The best part? This happened in Austin, Texas.

Five minutes’ walk away from the Texas School for the Deaf.


[*] yes, whereuponwhich is a real word. Because I said so.

Talk to the Experts!

If there’s just one thing I could tell anybody trying to learn more about the myriad of issues involved in deafness, it’d be this:

If you want to learn more about Cued Speech, ask someone who uses Cued Speech. If you want to learn more about American Sign Language, ask someone who uses American Sign Language. Same for cochlear implants, hearing aids, visual phonics, whatever. And take their word for it. Don’t patronize by implying that they’re an outlier. And don’t mix ’em up– that is, don’t expect an in-depth, balanced view on Alexander Graham Bell or cochlear implants from a 70-year-old Deaf signer. Likewise, a spoken-language proponent may not be terribly knowledgeable about nor sympathetic to Deaf Culture and ASL.

This isn’t to say that you can’t share opinions and resources. But like any other community, the d/hh population has its share of controversial topics, especially regarding children. Bias is always, always a factor. So is lack of knowledge and direct experience. It’s worse if the community itself tends to be rather homogeneous. As a result, misinformation can spread quickly, with no one to correct these. And I can assure you, I’ve seen my share of these with Cued Speech, especially in deaf education.

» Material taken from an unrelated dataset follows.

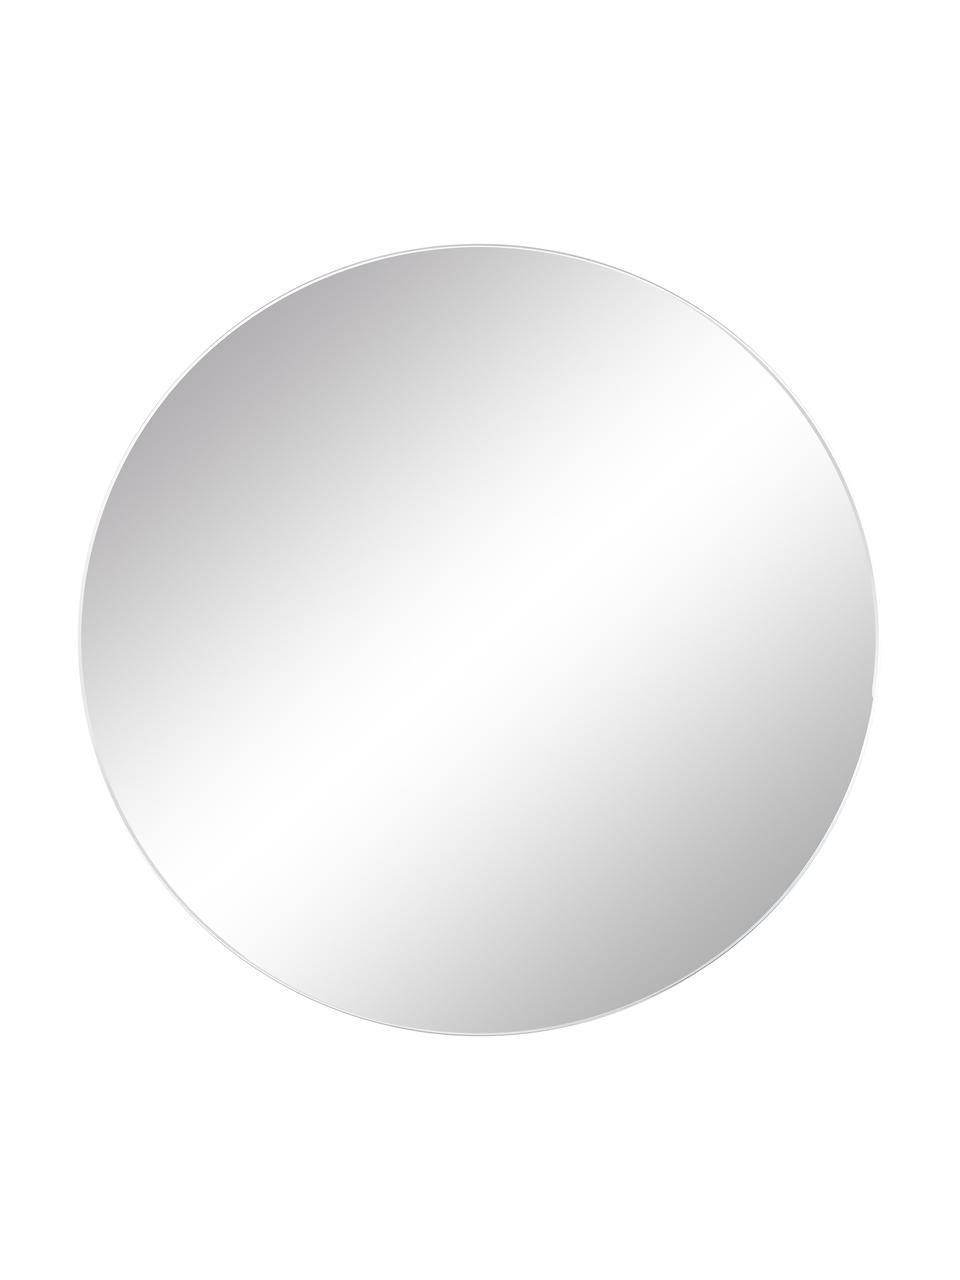 Rahmenloser Wandspiegel Erin, Spiegelfläche: Spiegelglas, Rückseite: Mitteldichte Holzfaserpla, Spiegelfläche: SpiegelglasSpiegelaußenkante: Schwarz, Ø 40 cm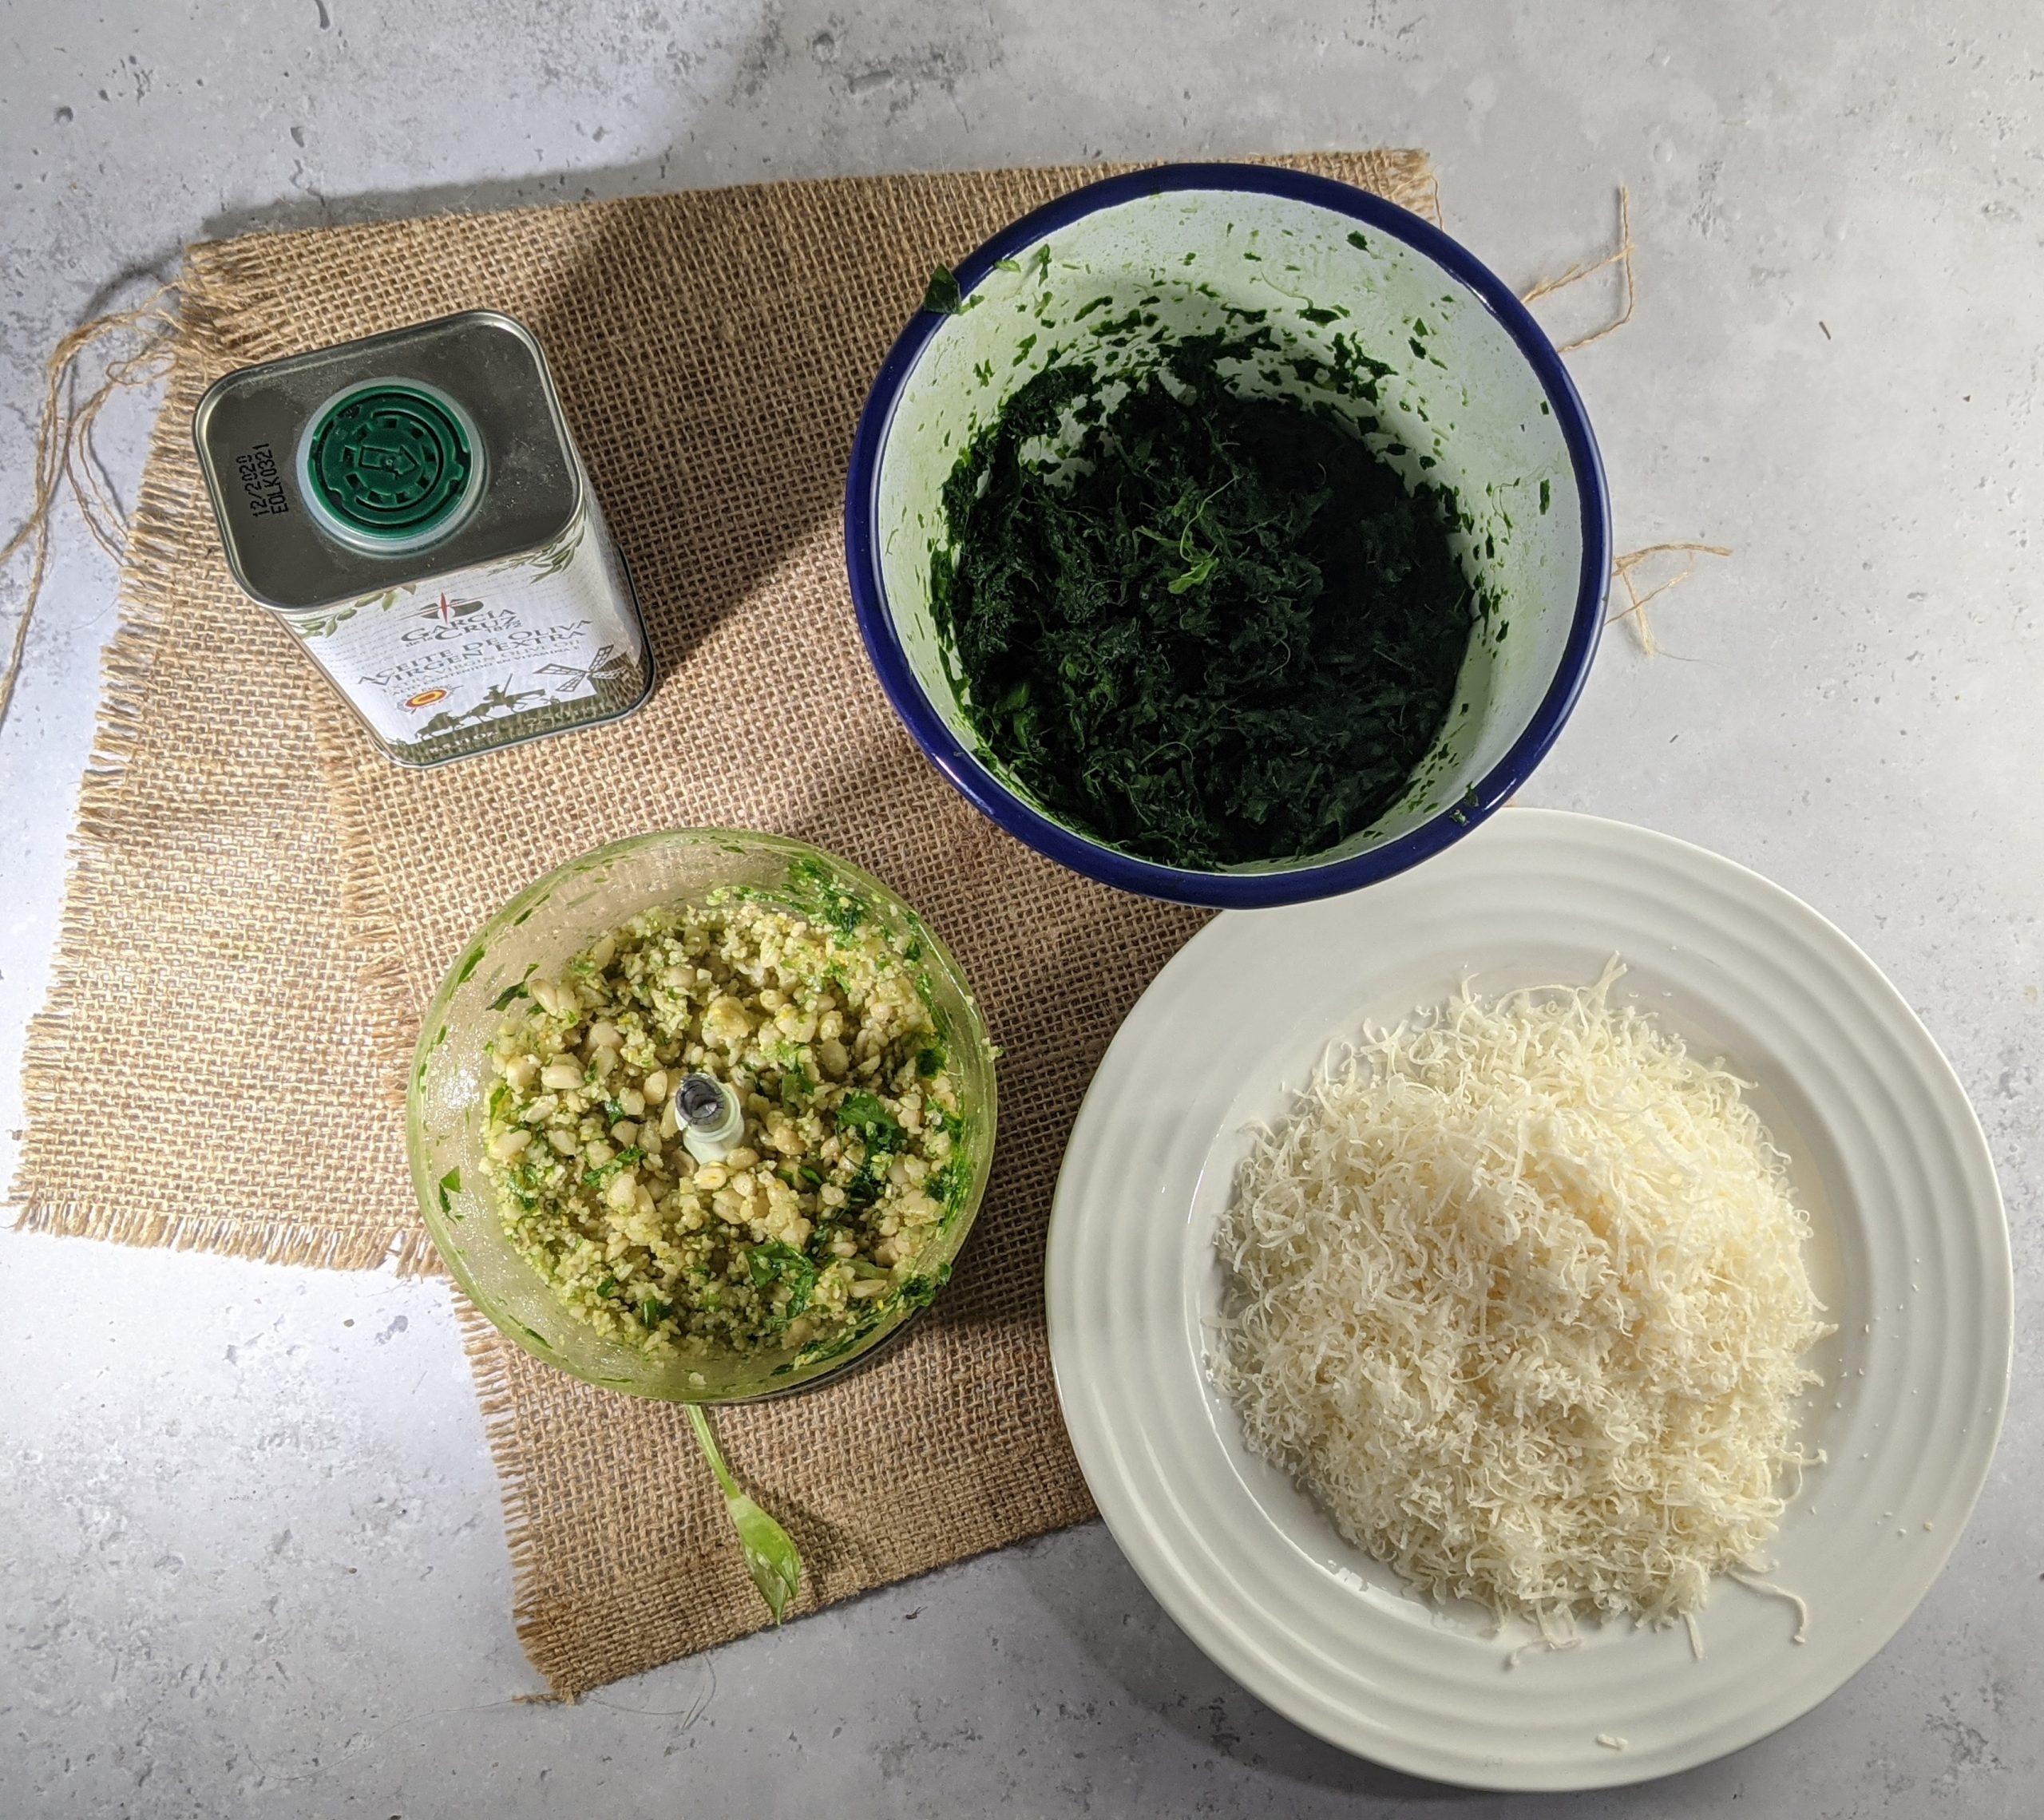 Process of making Wild Garlic Pesto

This isn’t necessarily deliberate, by the way. In my experience, most educational professionals are simply not aware of Cued Speech. If they are, they fall into four broad categories:

1) They don’t know of anyone who uses it and/or have not seen the research, so they may assume that it doesn’t work.

2) They think it’s another variant of Visual Phonics and/or may not see it as a viable communication option.

3) They don’t see the need for it, citing that they use Signed English or a Bi-Bi approach with ASL.

4) They are open to it, but don’t know of any local resources nor demand for it.

Likewise, most d/hh people don’t use or see Cued Speech in action, although most people I meet are very accepting of the fact that I use it, and many are curious about how it works. But for the most part, they don’t know anything beyond what I showed them. Often, a good portion of our initial conversation is debunking misconceptions about Cued Speech.

As for those who had experience with it, including me, most of the feedback has been very positive. I did meet a few who had tried Cued Speech and decided it didn’t work for them, either because of resources or because they just didn’t ‘click’ with it. And that’s fair; everyone is different. The key here is that they tried it out for themselves, and formulated their opinions based on what they had personally encountered. More than that, these people could share the nuances that factored into their situation: a strong family network, mental and physical health, finances, access to resources, etc.

This, by the way, applies to anything in the deaf and hard-of-hearing community. Take any second-hand experience with a grain of salt.